Monday, August 18, 2008

Things Heterosexual Men Are Expected To Know

  • how much horsepower their car has/its MPG city and highway.
  • how to use power-tools without flinching.
  • a solid, non-wavering opinion on the current championship sporting event.
  • a fairly detailed knowledge of the current socio-politico-geographic layout of the current country in turmoil.
  • how much they can benchpress/how much they tell others they can benchpress/when drunk.
  • a fairly manly reason why they no longer 'work out'/a very high-brow, awe-inspired reason why they still work out (e.g. 'look good naked' is not a good reason.
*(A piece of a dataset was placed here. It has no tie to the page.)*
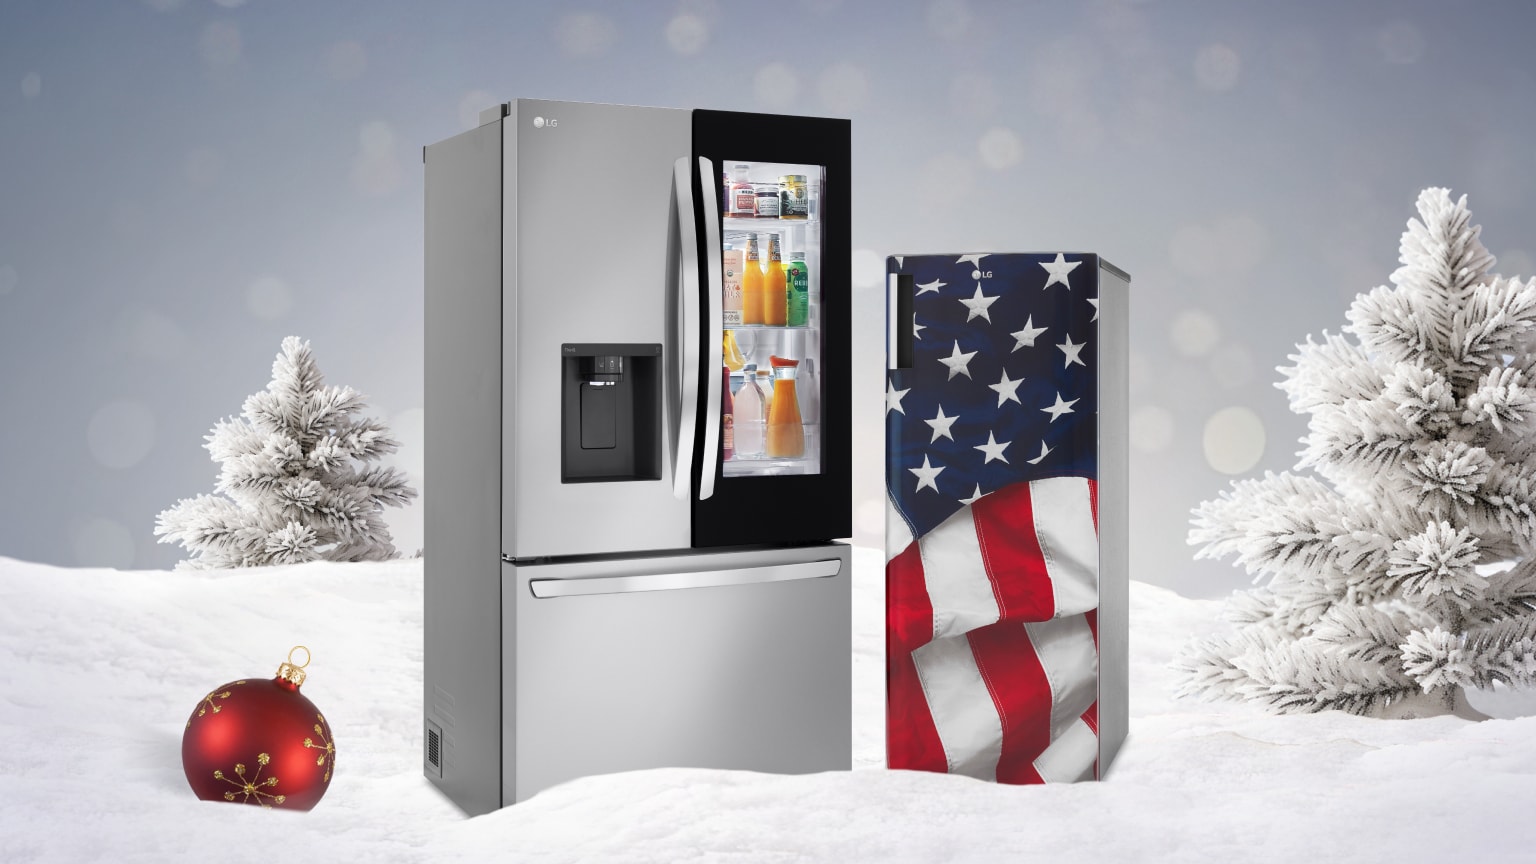 Buy a fridge. Get a bonus fridge.

Good reason are : 'be there for my kids', 'so I can play with them till the sun goes down', 'for my volunteer work in the Tibetan hinterlands where I must free climb twice a day with 200 pounds worth of much needed medicine and food hanging from a caribinger pierced through my testicles')
  • how to fix that thing that's making that really weird noise but wasn't before.
  • what the HELL is all that crap when they open the fuse box.
  • proper treatment of electrical burns.
  • every term the car mechanic uses when they give an estimate ("Yeah, but to do it right, we'll have to re-align the Moss de-conflabulator, double jigg the pinion vice and router out the compression anchor tube.")
  • NOT what sort of shampoo they use or why they use it.
  • more or less what's going on when they have to pull over and pop the hood.
  • from sight, whether a screw is 3/8" or a 1/4"
  • what is, and what is NOT, a 'real beer'.
  • at least one guy in the Joint.
  • five different slang terms for mammary glands.
  • if not what it actually means, then at least how to use the term 'load-bearing' in such a way as to appease wife/girlfriend/and Home Depot construction expert.
  • at least one food, of which the only real version can be found at a very specific city (e.g. "You think that's pizza? You haven't had pizza unless you've been to...").

3 comments:

Chris D said...

OK. So what do I win?

(I lie, I don't know anyone in jail.)

Monkfish said...

I love the way "proper treatment of electrical burns" follows the fuse box thinger.

Niteowl said...

chris : you get to spit and grab yourself in public! Congrats!

monky : purely coincidental. Yup. Absolutely.